DATA FOR THIS EXERCISE START

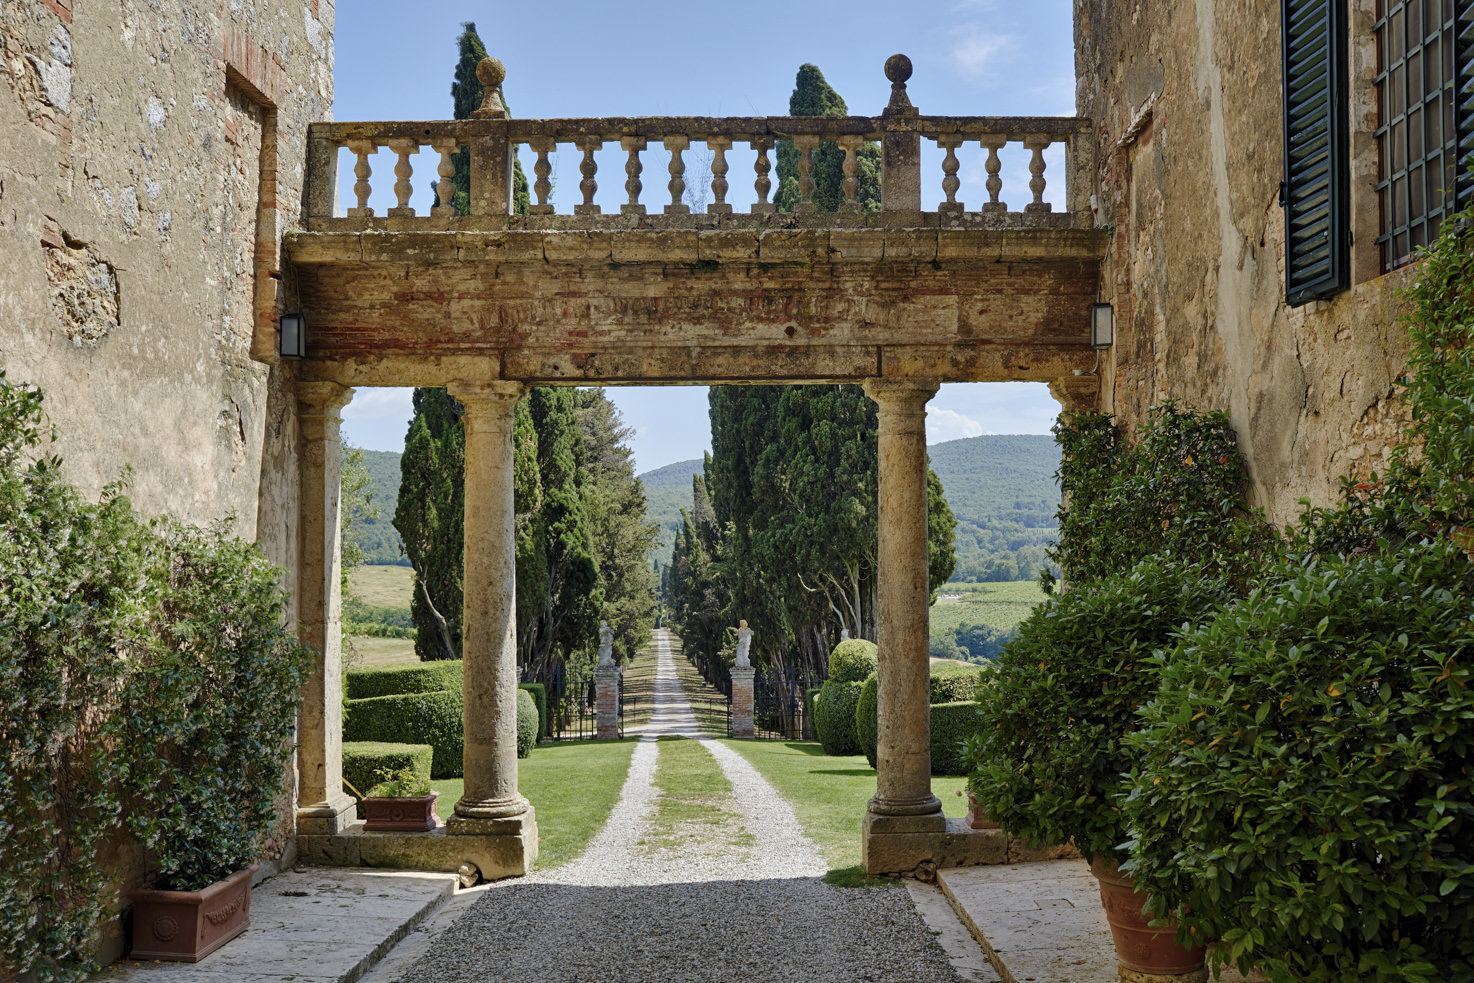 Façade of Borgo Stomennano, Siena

DATA FOR THIS EXERCISE END
DATA FOR THIS EXERCISE START

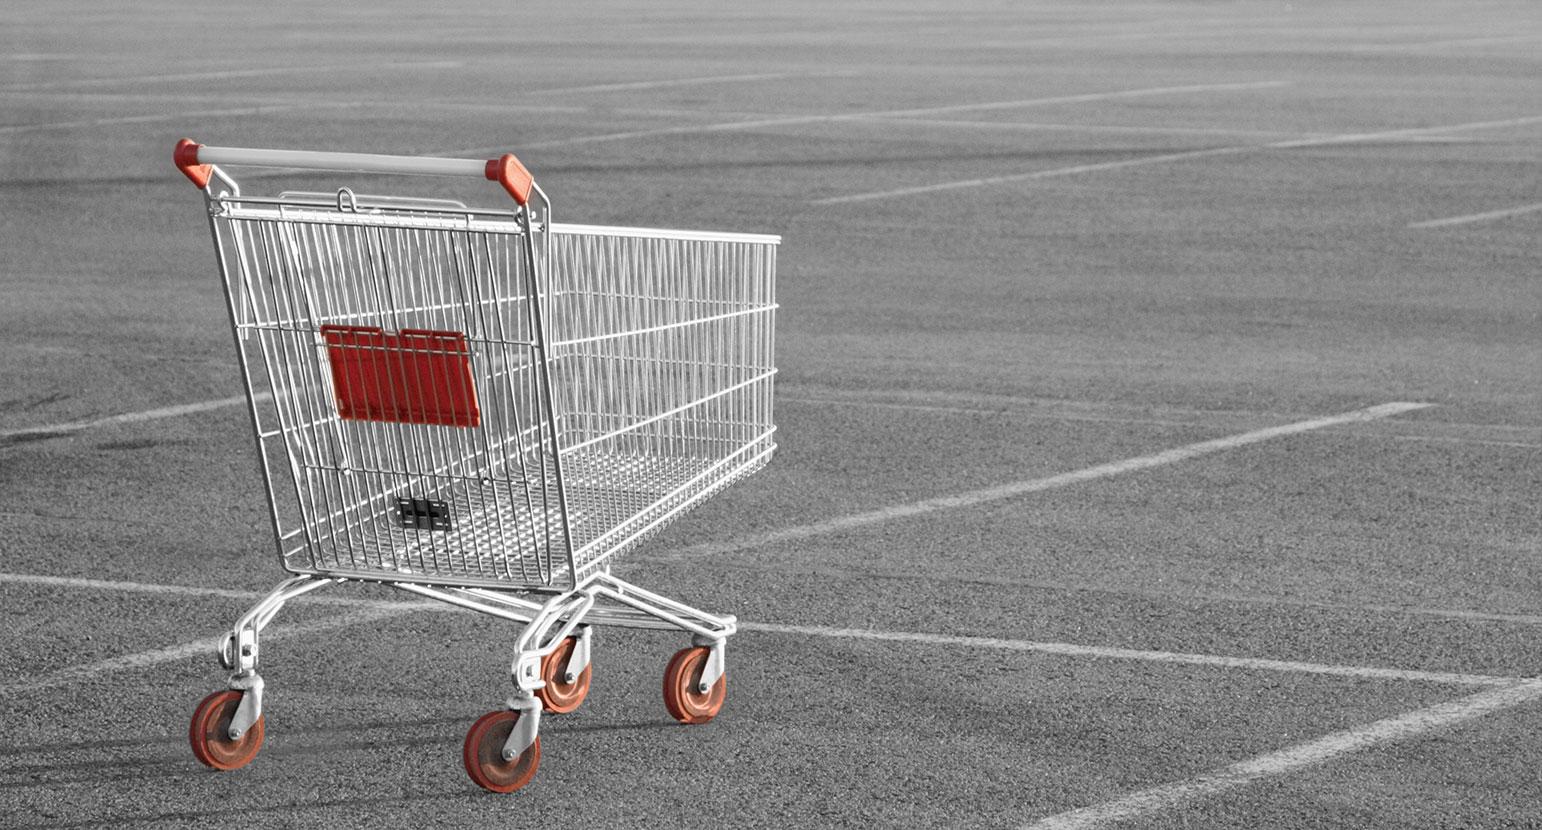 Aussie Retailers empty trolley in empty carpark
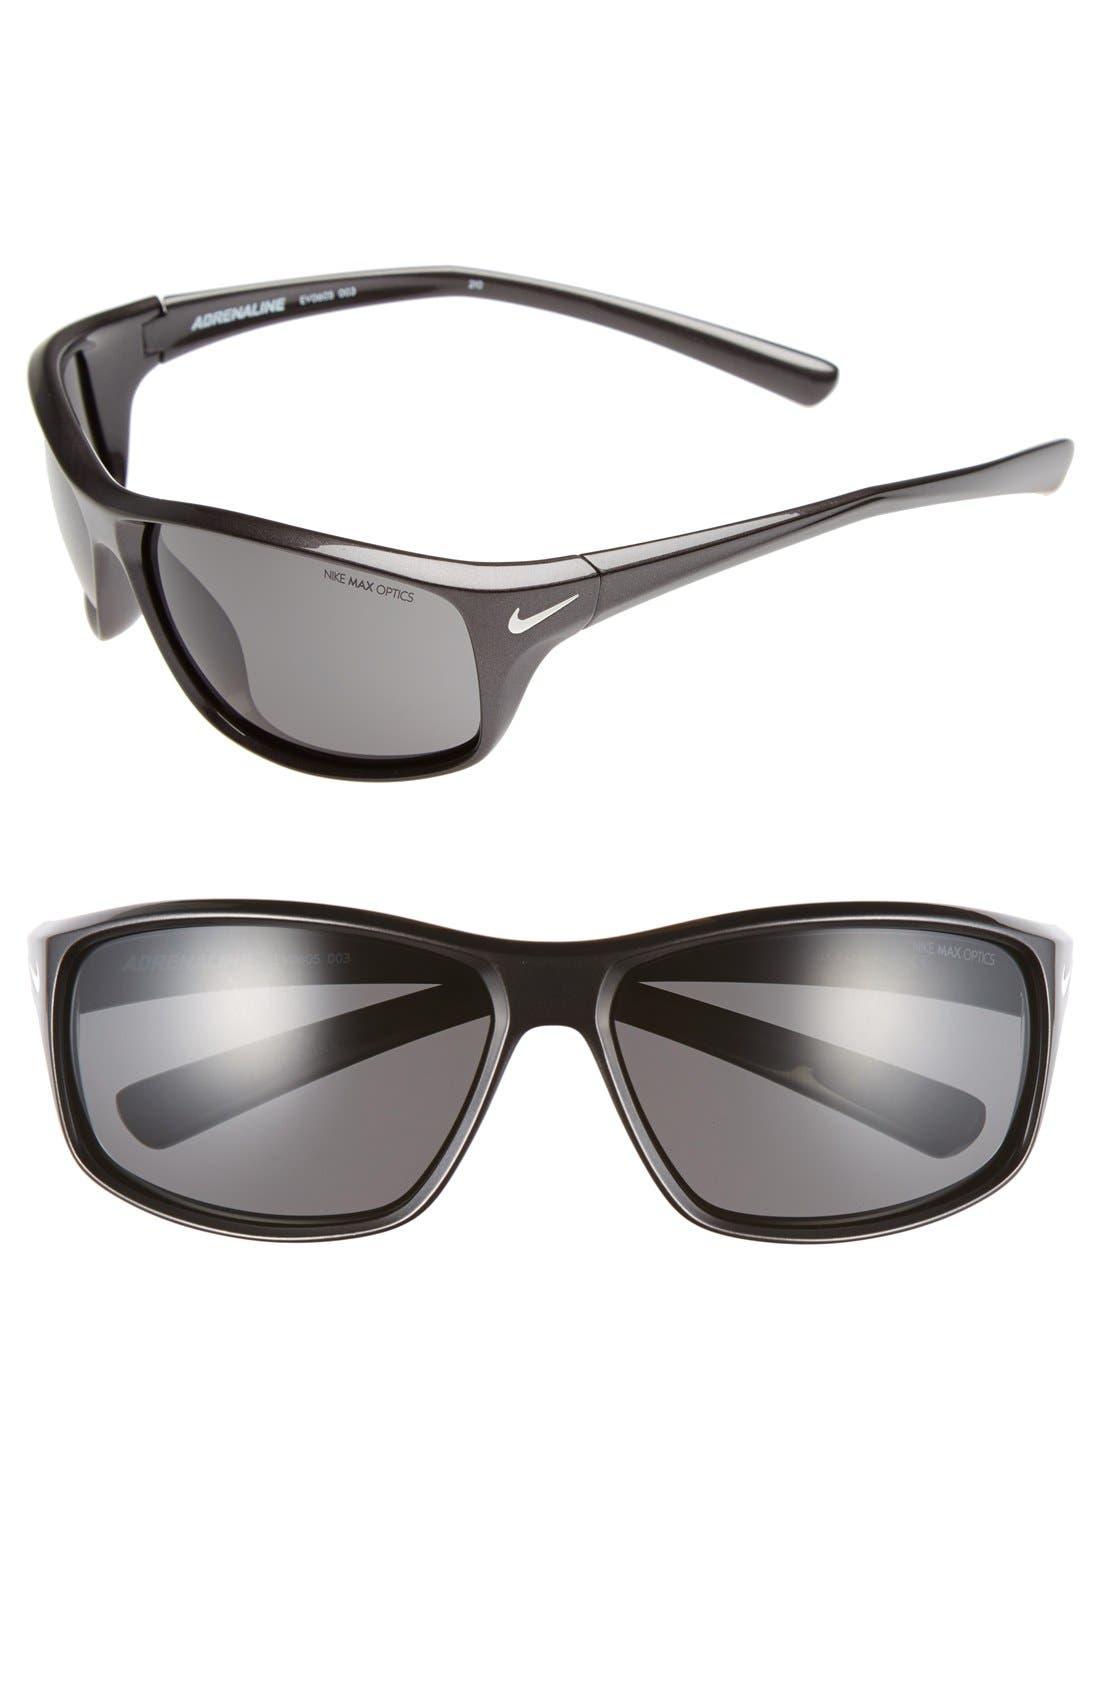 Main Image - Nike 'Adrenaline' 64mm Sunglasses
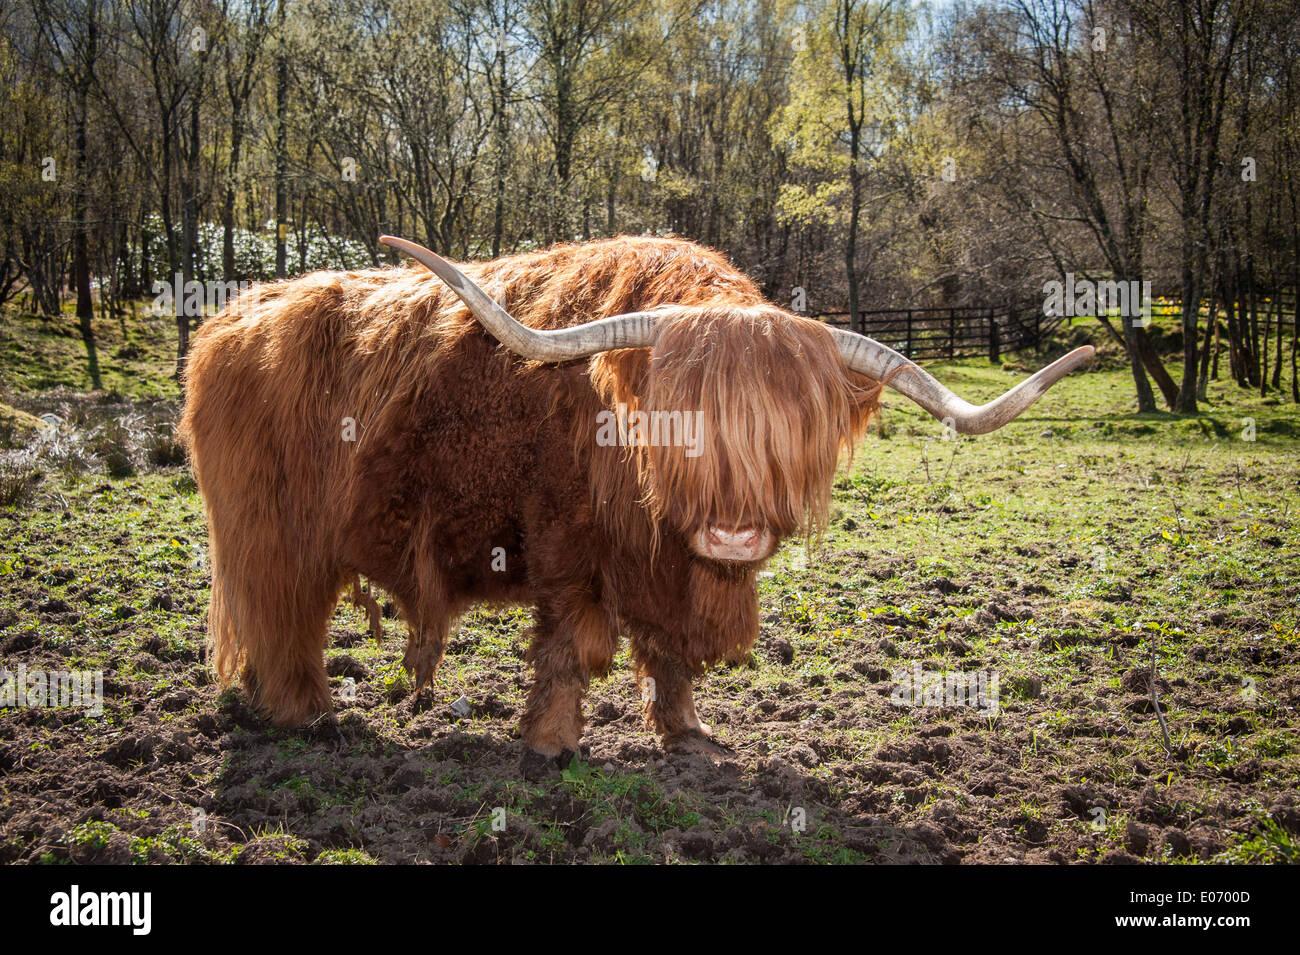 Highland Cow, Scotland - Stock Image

DATA FOR THIS EXERCISE END

◆ **INSTRUCTIONS FOR THE TASK**:
Look above for the line containing "Main Image - Nike", then write out every line from there down to the line containing "Highland Cow, Scotland - Stock Image", that line included, with no pictures.

◆ **OUTPUT**:
 Main Image - Nike 'Adrenaline' 64mm Sunglasses
 Highland Cow, Scotland - Stock Image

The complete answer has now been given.